How to Create a Horoscope API with Beautiful Soup and Flask

Programming Image

    Have you ever read your horoscope in the newspaper or seen it on television? Well, I'm not sure about other countries, but in my country of India, people still read their horoscopes.

    And this is where I got the idea for this tutorial. It might sound a bit old-fashioned, but the main focus here is not on the horoscope itself – it's just the vehicle for our learning.

    In this article, we're going to scrape a website called Horoscope.com using Beautiful Soup and then create our own API using Flask. This API, if deployed on a public server, can then be used by other developers who would wish to create a website to show their horoscope or an app for the same.
     

    How to Set Up the Project

    First of all, we're going to create a virtual environment within which we'll install all the required dependencies.

    Python now ships with the pre-installed venv library. So, to create a virtual environment, you can use the below command:

    $ python -m venv env

    To activate the virtual environment named env, use the command:

    • On Windows:
    env\Scripts\activate.bat
    • On Linux and MacOS:
    source env/bin/activate

    To deactivate the environment (not required at this stage):

    deactivate

    Now we're ready to install the dependencies. The modules and libraries we are going to use in this project are:

    • requests: Requests allow you to send HTTP/1.1 requests extremely easily. The module doesn't come pre-installed with Python, so we need to install it using the command:
      $ pip install requests
    • bs4: Beautiful Soup(bs4) is a Python library for pulling data out of HTML and XML files. The module doesn't come pre-installed with Python, so we need to install it using the command:
      $ pip install bs4
    • Flask: Flask is a simple, easy-to-use microframework for Python that can help build scalable and secure web applications. The module doesn't come pre-installed with Python, so we need to install it using the command:
      $ pip install flask
    • Flask-RESTX: Flask-RESTX lets you create APIs with Swagger Documentation. The module doesn't come pre-installed with Python, so we need to install it using the command:
      $ pip install flask-restx

    We'll also use environment variables in this project. So, we are going to install another module called python-decouple to handle this:

    $ pip install python-decouple

    To learn more about environment variables in Python, you can check out this article.
     

    Project Workflow

    The basic workflow of the project will be like this:

    1. The horoscope data will be scraped from Horoscope.com.
    2. The data will then be used by our Flask server to send JSON response to the user.


     

    How to Set Up a Flask Project

    The first thing we're going to do is to create a Flask project. If you check the official documentation of Flask, you'll find a minimal application there.
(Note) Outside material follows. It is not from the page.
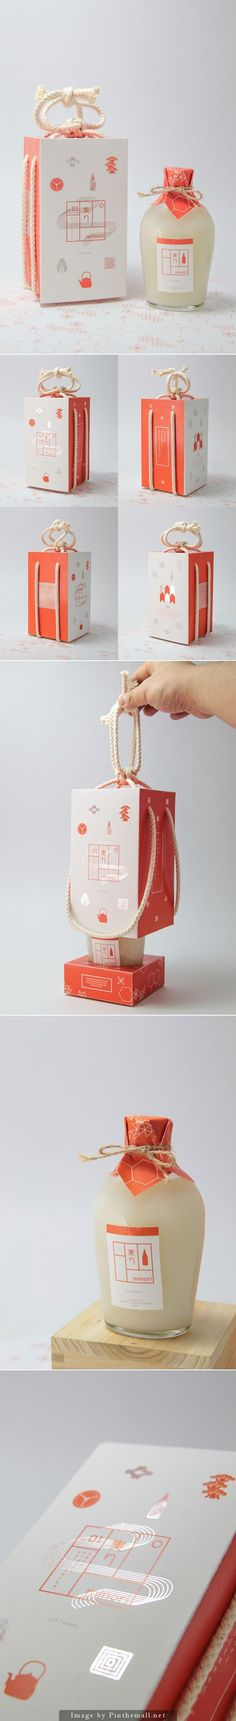 The very beautiful Minori Sake packaging curated by Packaging Diva PD created via https://www.behance.net/gallery/17444375/Minori-Sake:
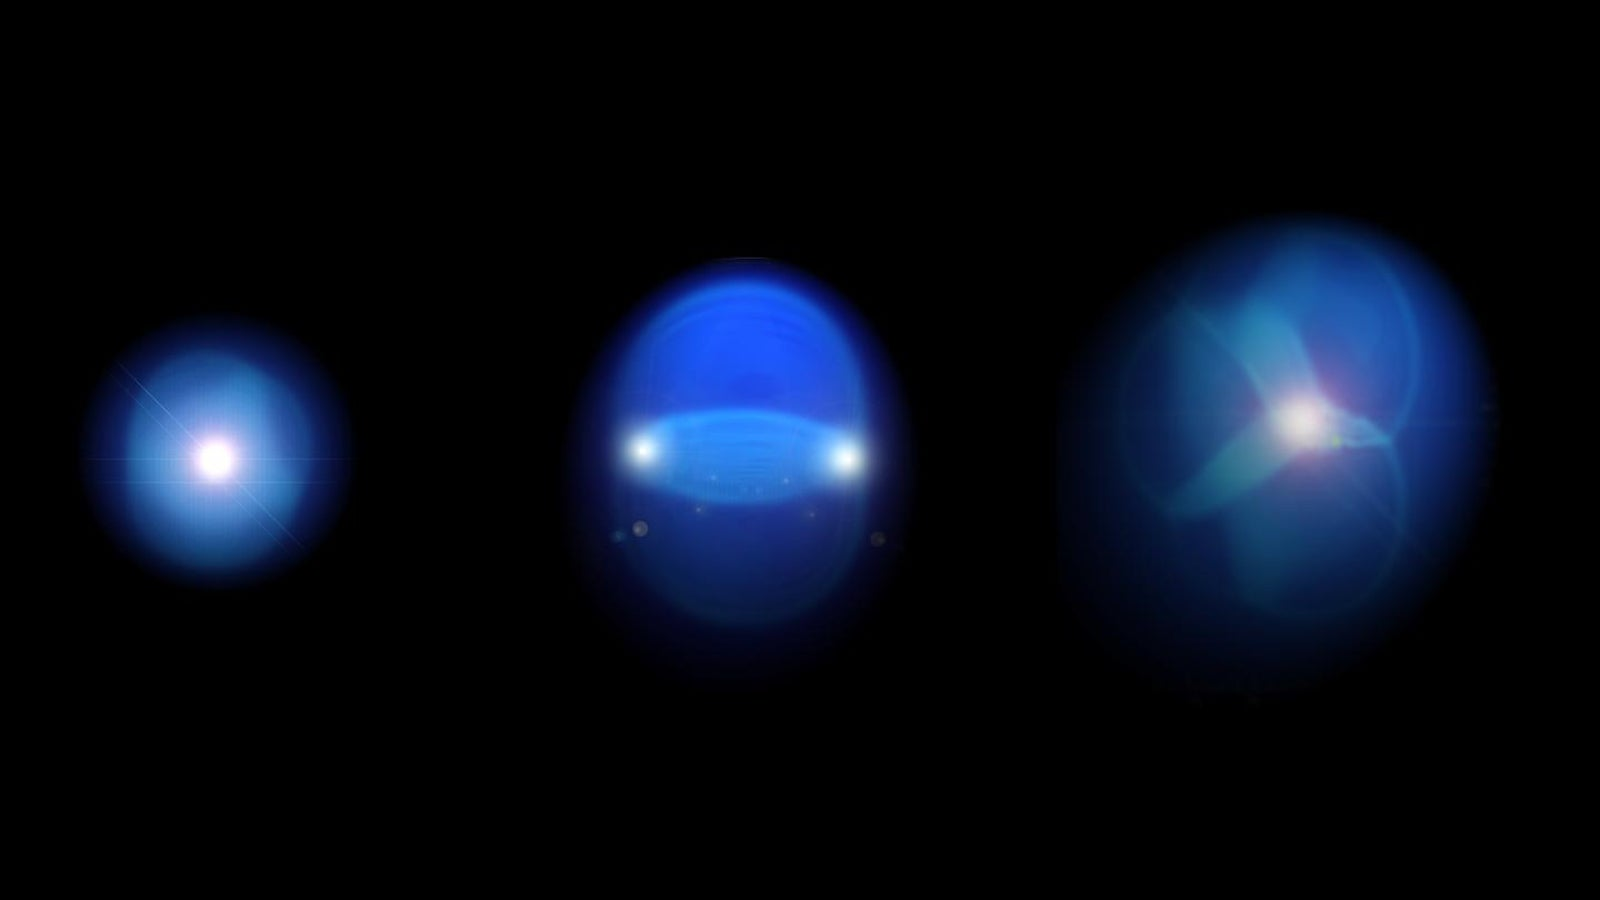 atlas big-bang eic large-hadron-collider lhc nuclear-physics particle-physics phenix quantum-chromodynamics quark-gluon-plasma rhic

    But, we're not going to follow that. We are going to write an application that is more extensible and has a good base structure. If you wish, you can follow this guide to get started with Flask.

    Our application will exist within a package called core. To convert a usual directory to a Python package, we just need to include an __init__.py file. So, let's create our core package first.

    $ mkdir core

    After that, let's create the __init__.py file inside the core directory:

    $ cd core
    $ touch __init__.py
    $ cd ..

    In the root directory of the project, create a file called config.py. We'll store the configurations for the project in this file. Within the file, add the following content:

    from decouple import config
    
    
    class Config(object):
        SECRET_KEY = config('SECRET_KEY', default='guess-me')
        DEBUG = False
        TESTING = False
        CSRF_ENABLED = True
    
    
    class ProductionConfig(Config):
        DEBUG = False
        MAIL_DEBUG = False
    
    
    class StagingConfig(Config):
        DEVELOPMENT = True
        DEBUG = True
    
    
    class DevelopmentConfig(Config):
        DEVELOPMENT = True
        DEBUG = True
    
    
    class TestingConfig(Config):
        TESTING = True
    

    In the above script, we have created a Config class and defined various attributes inside that. Also, we have created different child classes (as per different stages of development) that inherit the Config class.

    Notice that we have the SECRET_KEY set to an environment variable named SECRET_KEY. Create a file named .env in the root directory and add the following content there:

    APP_SETTINGS=config.DevelopmentConfig
    SECRET_KEY=gufldksfjsdf

    Apart from SECRET_KEY, we have APP_SETTINGS that refers to one of the classes we created in the config.py file. We set it to the current stage of the project.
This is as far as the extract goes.